Nelle 27 pagine dell'ordinanza, la Corte barese sembra fare proprie risolutamente le argomentazioni dei legali degli imputati, Nicola Quaranta e Nino Ghiro. Al centro del processo, scrivono i giudici, "c'è l'affermazione del principio della libertà di autodeterminazione sessuale della persona umana; libertà che si estrinseca, nel caso delle escort, attraverso il riconoscimento del loro diritto a disporre della sessualità in termini contrattualistici dell'erogazione della prestazione sessuale contro pagamento di denaro o di altra compatibile utilità". "Siamo in presenza di un diritto costituzionalmente garantito", scrivono i giudici. Siamo di fronte, aggiungono, a "donne che hanno liberamente scelto di operare lo scambio" tra piacere e denaro; a una "protestata forma di affermazione identitaria, attingendo la libertà di autodeterminazione sessuale alle più profonde radici della persona umana".
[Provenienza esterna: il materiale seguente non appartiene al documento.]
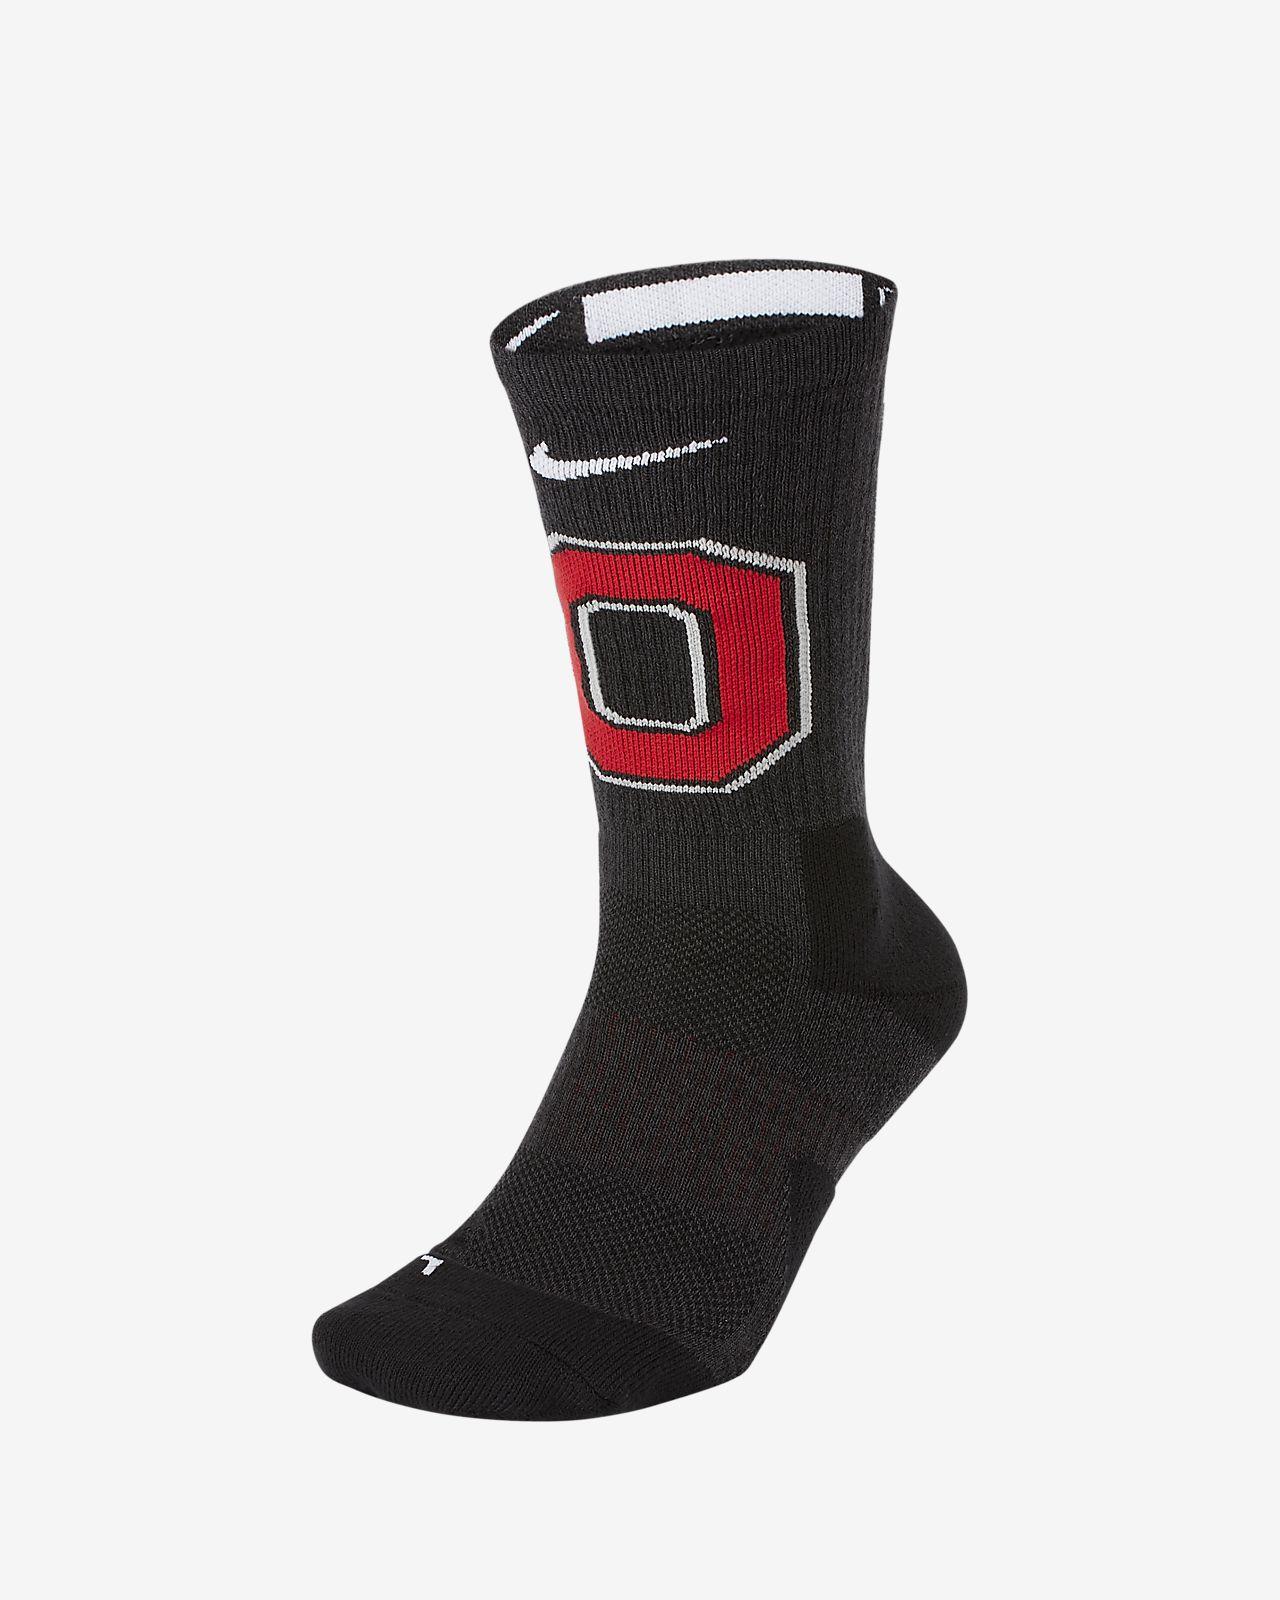 Nike College Elite (Ohio State) Basketball Crew Socks

Ed allora "sicuramente intacca l'inviolabilità di tale diritto una previsione normativa che sanzioni penalmente il compimento, ad opera di terzi, di attività materiali che tuttavia non siano in grado di incidere sulla libertà autodeterminativa delle escort". L'importante, insomma, è che la donna decida liberamente. Tutti quelli che poi collaborano con lei non devono essere puniti: "una tutela di tale libertà non può tollerare limitazioni ala pienezza del suo esercizio e quindi deve espellere quelle forme normative che siano palesemente ostative alla sua libera manifestazione".

Perchè "la condotta di reclutamento ovvero di selezione delle escort deve considerarsi diretta conseguenza della loro libertà di scelta di porsi sul mercato".
Commenta l'avvocato Quaranta: "Ho concluso il mio intervento davanti ai giudici di Bari dicendo: siate giudici della libertà e non dell'ipocrisia. Questa ordinanza afferma la laicità dello Stato".